Paracetamol (acetaminophen) are
analgesics (painkillers) and can be given if the child has pain
or muscle ache or is you think it is distressed by the fever,
but often the temperature will go up again anyway and that is
due to the above described fever process. The fever is a healing
mechanism and you do not need to worry that ‘the temperature can
get too high’ – is has never been in the newspapers that again
another child has boiled – and febrile convulsions, in general,
only happen when there is a sudden rise in temperature, in other
words, usually a convulsion comes out of the blue and not when
the fever is noticed.
Expect the child to perk up a few
times over 24 hours, and often it is noticed that the
temperature goes up at night time, this fits with bio-rhythms
(circadian rhythms). However, if the child is constantly
lethargic then it needs to be seen by a doctor because in that
case it might have a serious bacterial infection or Kawasaki
A feverish child will not have any
appetite and eat poorly, which is perfectly all right for a few
days. Fluids should be offered, of course, to prevent
dehydration. Clear liquids like fruit juice or squash (but no
fizzy drinks) are best. Actually, often the child seems
basically content despite a raging temperature, but it is the
parents who are worried!
It is impressive to realise that we
constantly maintain a body temperature of 37 degrees Celsius,
but even more impressive that we can produce the great heat of a
fever. Fever is largely a childhood condition. Children seem to
have the ability to produce fevers easily and can tolerate them
better than adults. (High fevers are less common in adults and
are more often a symptom of a serious illness.) Fevers should be
viewed with reverence, particularly when we consider that this
heat originates from the Sun! As discussed in a previous chapter
, plants bind the warmth of the Sun into their substance. When
humans absorb food, this warmth is released into our bodies when
it is broken down by oxygen, like the heat from a burning log
fire. The following can give a sense of reverence for fever.

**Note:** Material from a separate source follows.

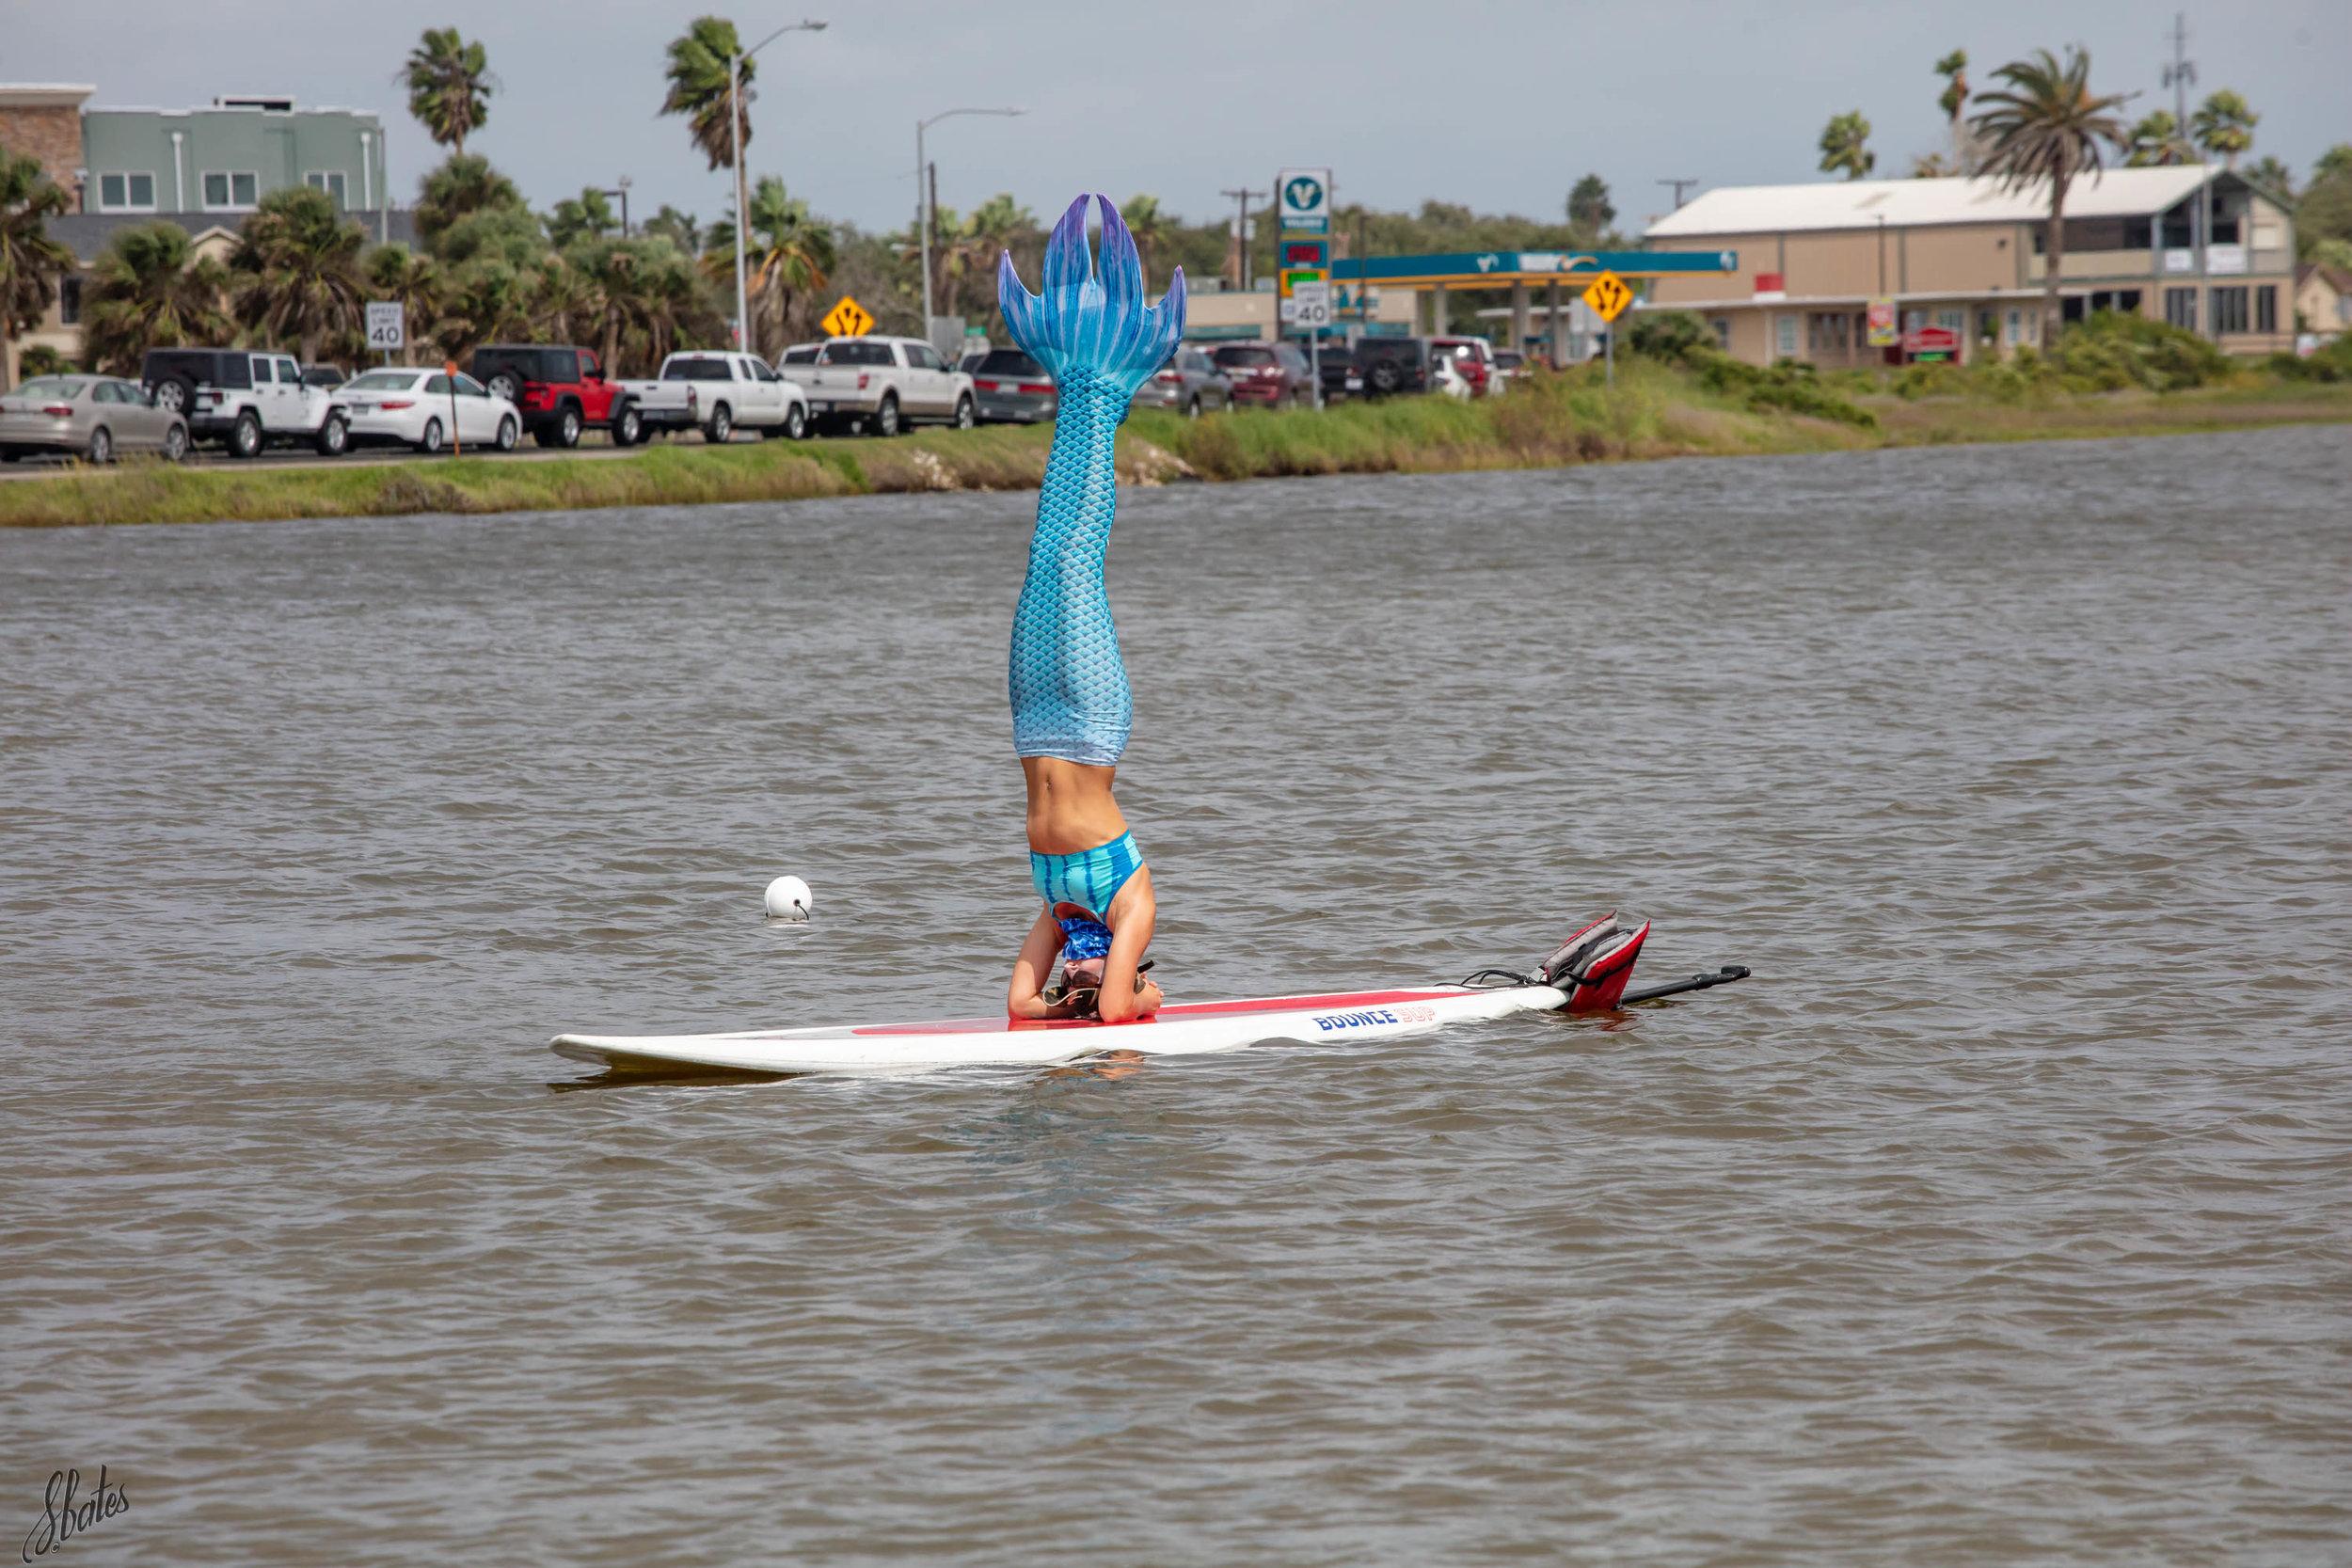 This mermaid teaches kayaking.

The body of the newly born baby is
completely built up from substances delivered through the
mother. From the moment of birth, with the first breath of
oxygen, the baby will start to break down and reorganise these
motherly substances. Through the breathing process and feeding,
the baby starts to rearrange and transform his or her little
body to correspond to its own individuality. During a fever, a
dramatic transformation is taking place in the body. The body
might need the fever in order to leap hurdles in this process of
maturing. We could say that, on the one hand we come into the
world with inherited substances and forces, linking us with our
past; but on the other hand we go through a process of personal
development, drawing us into the future.
To summarize: Fever is alright as
long as you remain vigilant for a dangerous underlying
infection. Children younger than 6 months with a fever need to
see a doctor. The advice is to keep checking every few hours for a
rash than does not fade when pressed as in septicaemia (when the
bacteria circulate in the blood). Usually people only lift up
the tummy shirt but you need to check every part of the body!

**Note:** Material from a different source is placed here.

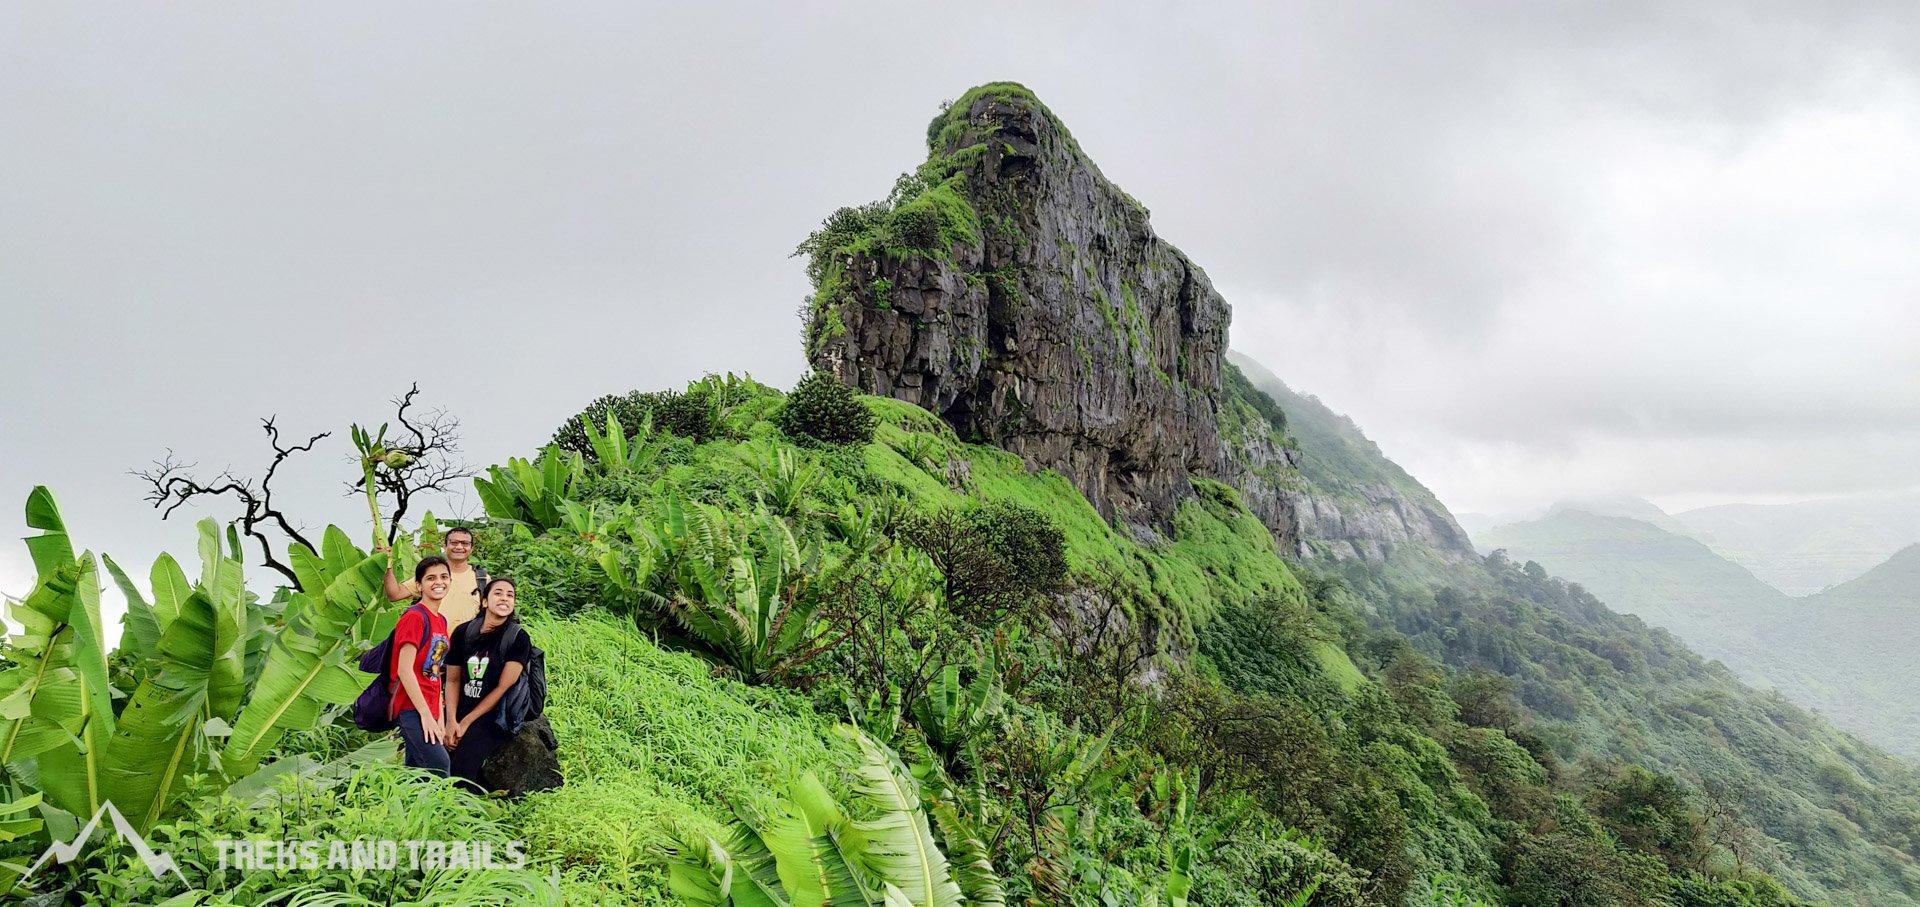 Monsoon Trekking Tips

Secondly check at the same time for meningitis (when the
bacteria have infected the sheaths of the brain). See the
drawings and text above. If the temperature is above 39C, try
and catch a urine sample which the doctor can check for
infection. The National Institute for Clinical Excellence - NICE
- has also written information for parents, the link for this
you can find in the references below.
As such we do better by supporting
the fever process so that a new beneficial balance can develop.